Data to examine:
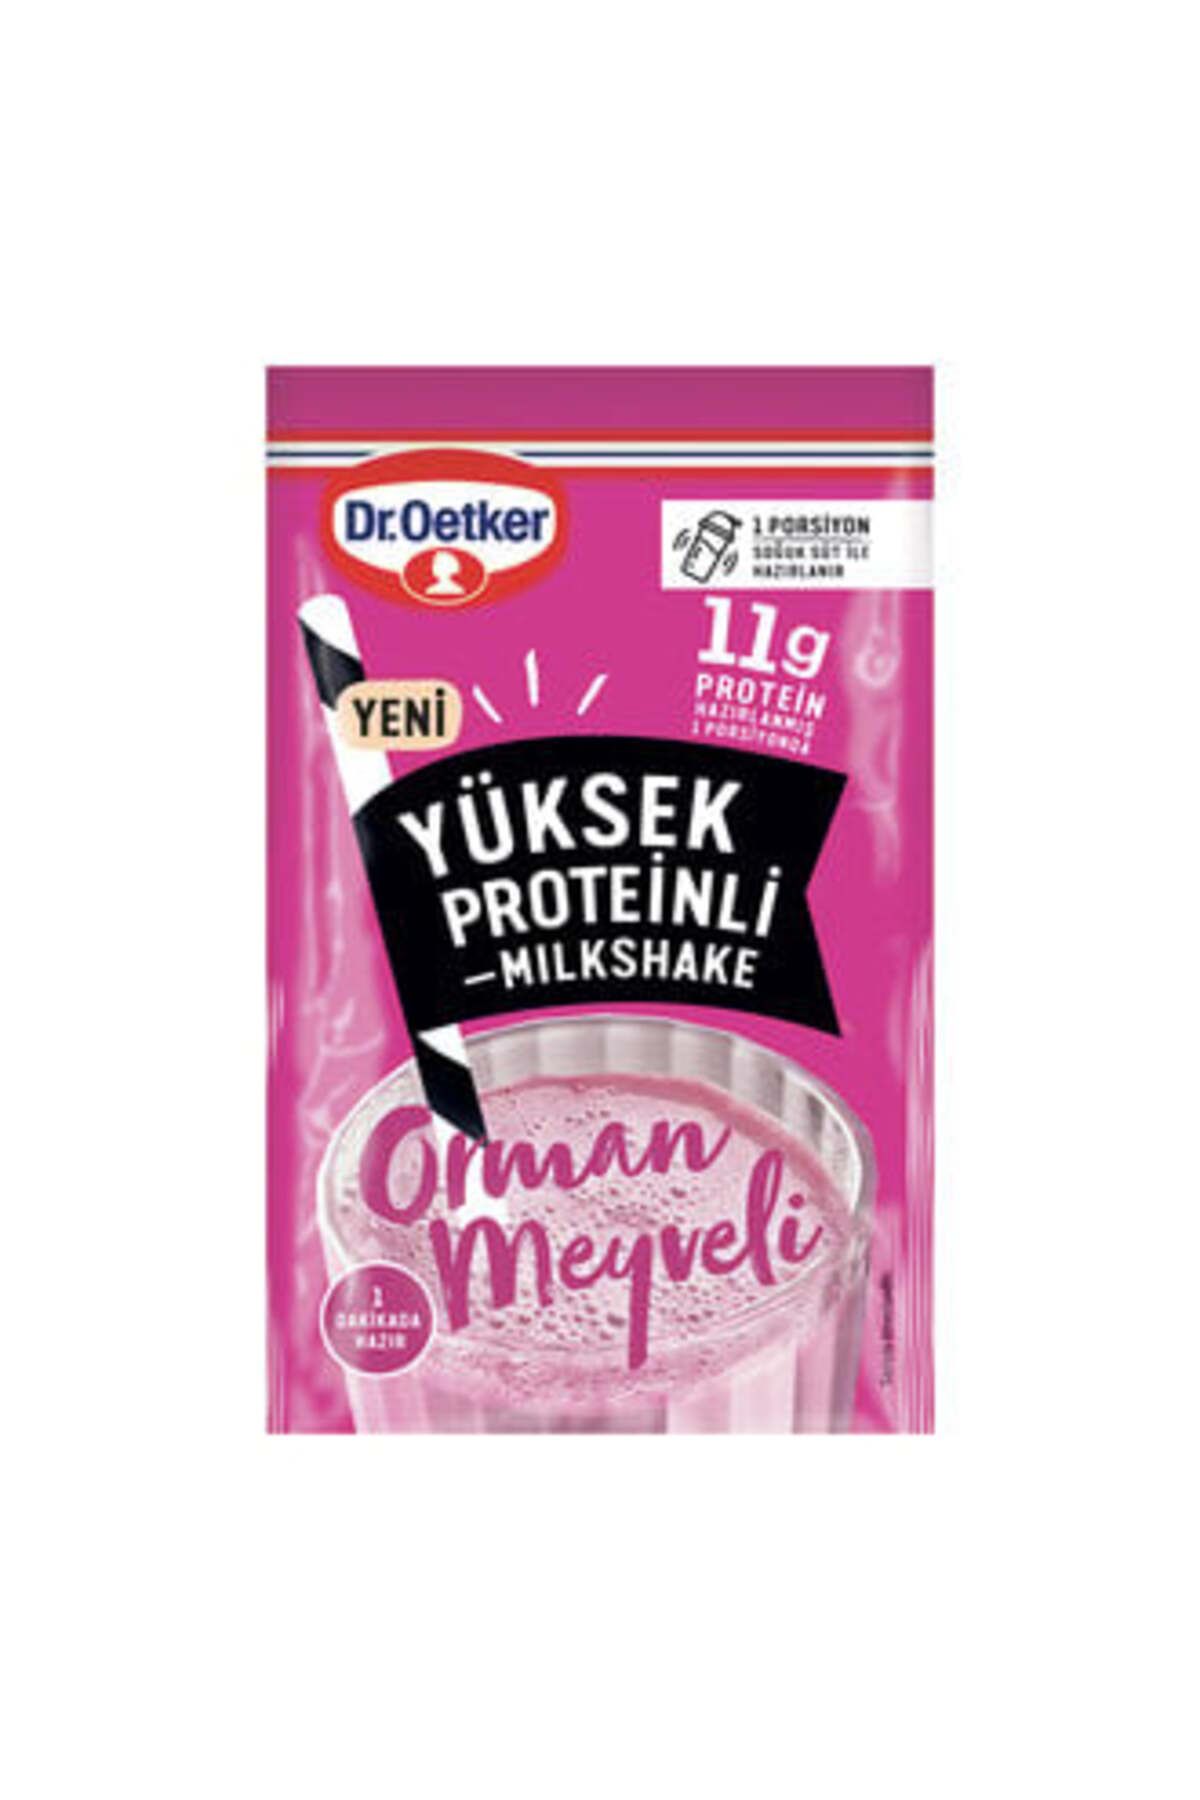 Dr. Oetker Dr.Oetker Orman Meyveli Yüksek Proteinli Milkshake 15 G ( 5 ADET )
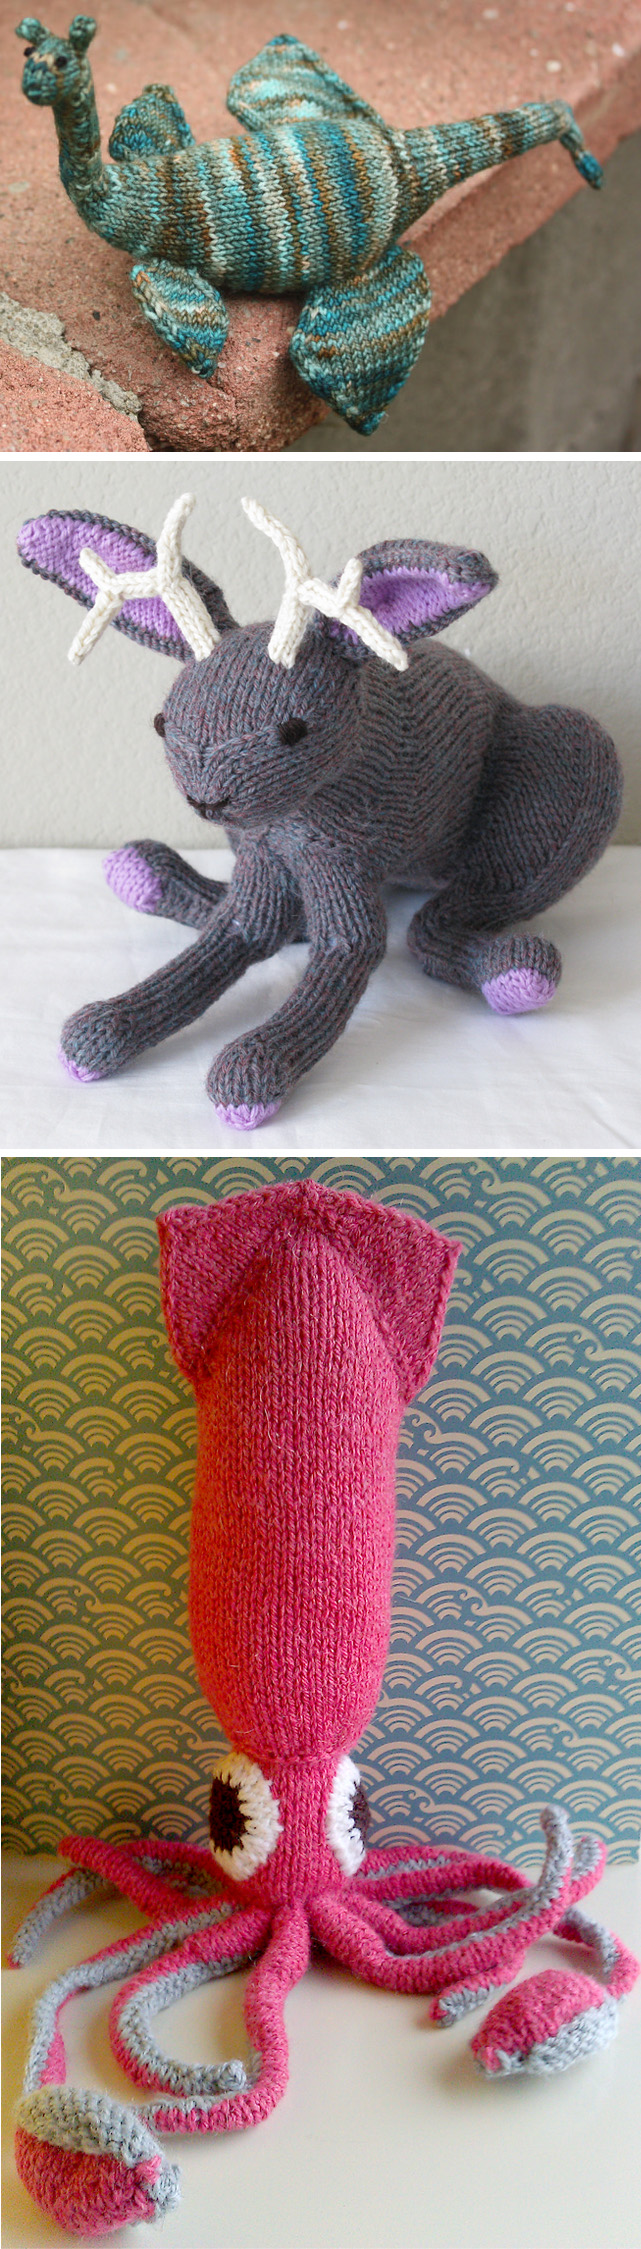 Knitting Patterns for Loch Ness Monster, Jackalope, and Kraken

* * *

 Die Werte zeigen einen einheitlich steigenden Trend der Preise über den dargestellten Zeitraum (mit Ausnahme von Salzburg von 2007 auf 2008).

What the task requires: Once the line with "Dr. Oetker Dr.Oetker" is found above, transcribe each line from it through the line with "Knitting Patterns for", exactly, and omit the pictures.

Answer to this task:
 Dr. Oetker Dr.Oetker Orman Meyveli Yüksek Proteinli Milkshake 15 G ( 5 ADET )
 Knitting Patterns for Loch Ness Monster, Jackalope, and Kraken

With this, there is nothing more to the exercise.